Я умолк на некоторое время и внимательно наблюдал, как она переходит от одной картины к другой, а потом вдруг сказал:
– После смерти художника на его полотна ложится громадная ответственность. Передавать те импульсы, которые доносятся из его могилы, осторожно пронзая землю. Поэтому автопортрет художника – это икона, это самое святое, что есть у него… Эпос, метафора, лирика – разве эти понятия не существуют в живописи? Как по вашему?
Таня стояла ко мне спиной и ничего не отвечала, все так же внимательно изучая мои полотна, но я знал, что она прекрасно меня слышит и ответ у нее готов, ибо он очевиден, однако что-то ее удерживало произнести его вслух, как будто она боялась этим перейти некую черту, на этот раз совершенно мне неведомую.

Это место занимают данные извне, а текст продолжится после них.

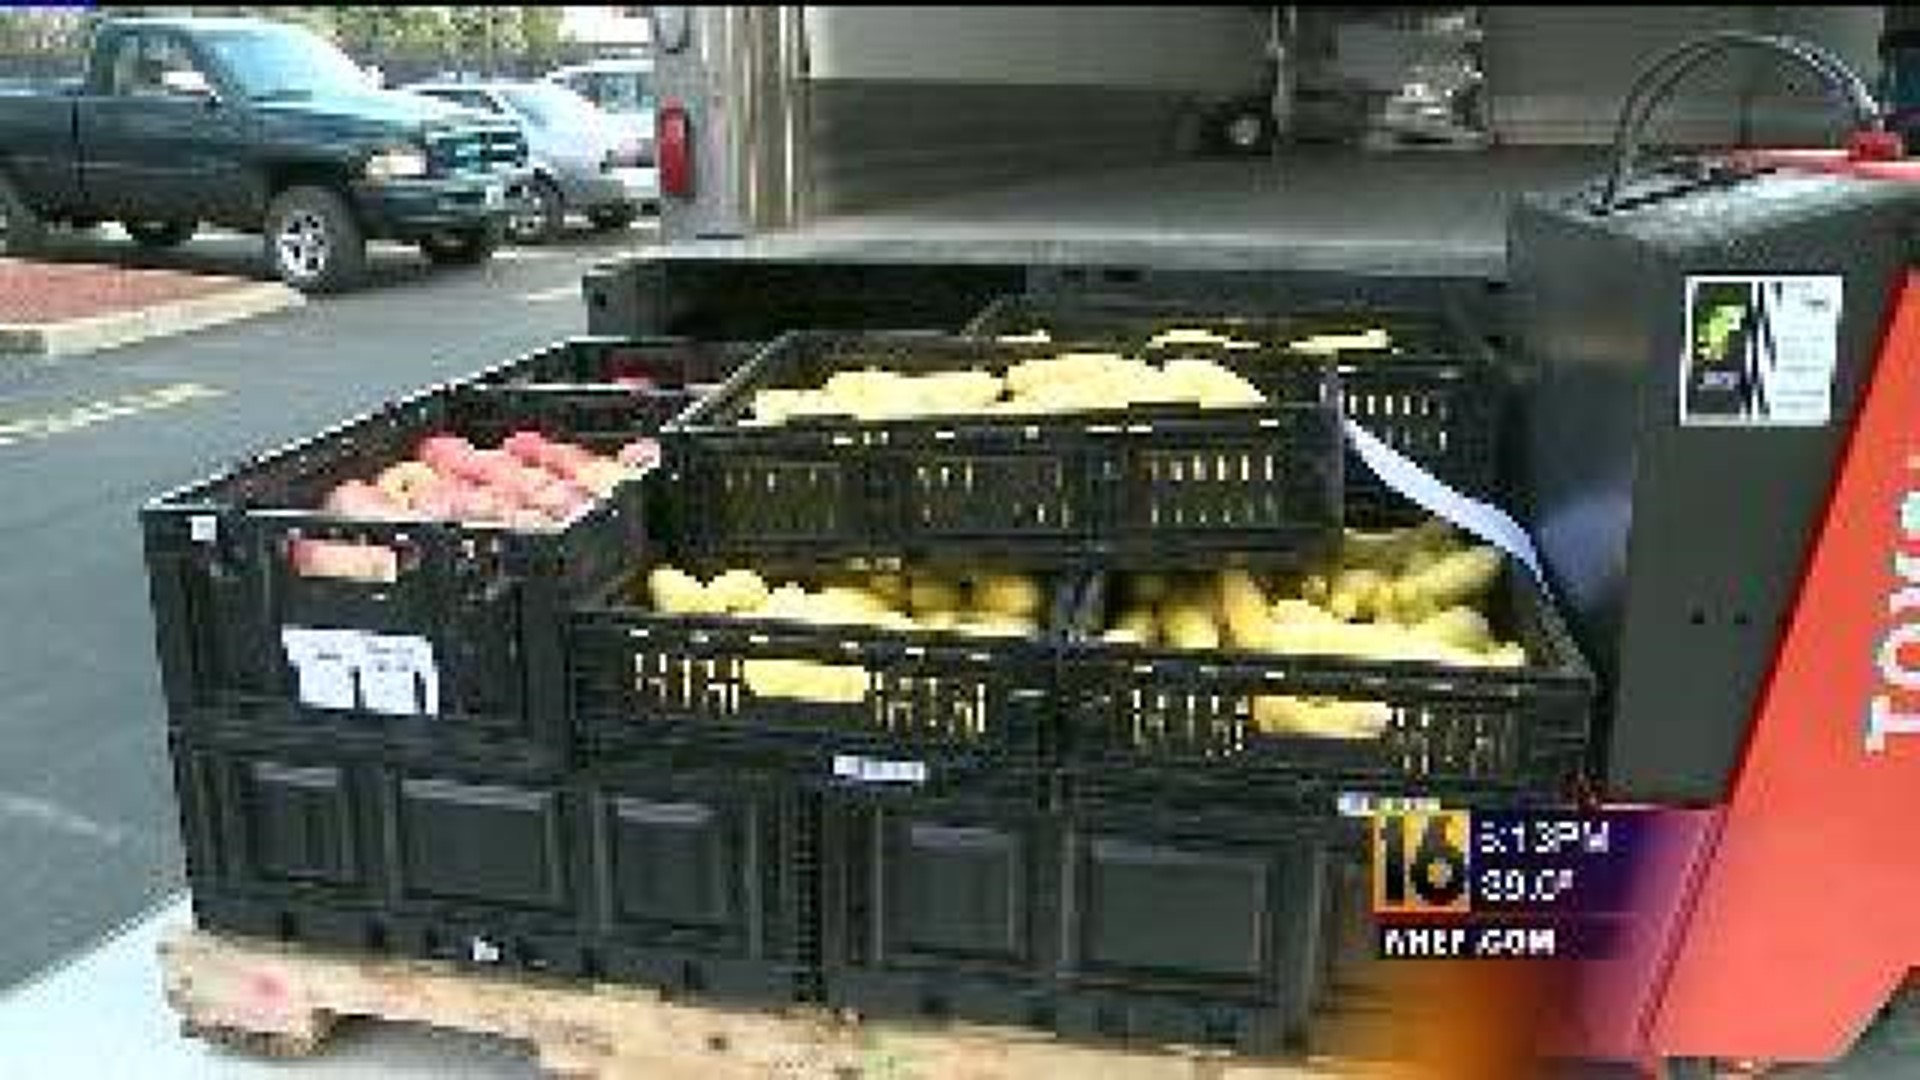 Food Bank Cooler Delivers on Fresh Food

В этот самый момент она подошла к «Руинам» – полотну годичной давности. Я подошел к ней очень близко и почти что прошептал на ухо:
– Прислушайтесь… вы слышите?..
– Что?.. – она тоже понизила голос.
– Эта старинная каменная арка с тремя колоколами и бивни, воинственно торчащие из земли… и слова… их слова…
– Я ничего не слышу…
– И пусть я еще жив, но почувствуй тогда других… тех, кто тоже причастен…
Я чуть наклонился к ее волосам и зашептал еле слышно – она, пожалуй, и не поняла, что это был мой голос.
……………………………………………………………………………………………………
Я проводил ее до дома. По дороге она высказала несколько замечаний по поводу того, что увидела, но пока она говорила, я то и дело обводил рассеянным взглядом прохожих.
– Что случилось? – спросила она, наконец. – Вам неинтересно мое мнение?
И даже в этот момент я мог почувствовать, что в ее голосе нет ни капли укора.
– Я не вижу, ради чего мне хотелось бы что-то от вас узнать, – заметил я тоном неожиданно сухим даже для самого себя, – я уже наслушался столько версий и впечатлений, что мне становится скучно.
Думаю, мы все еще находились с ней в пограничном состоянии между зарождающимся доверием и тем, что принято называть «страхом неизведанного». Поэтому-то и переходили все время на «ты», а потом снова возвращались к «вы» и так далее продолжали скакать с нижней ступеньки на верхнюю и с верхней на нижнюю. Когда мужчина и женщина играют в такую игру, они подспудно предвосхищают близость, то и дело передавая друг другу эстафетную палочку, с целью понаблюдать, как ею распорядятся и допустят ли какой-нибудь просчет, который навсегда закроет дверь к самой вершине.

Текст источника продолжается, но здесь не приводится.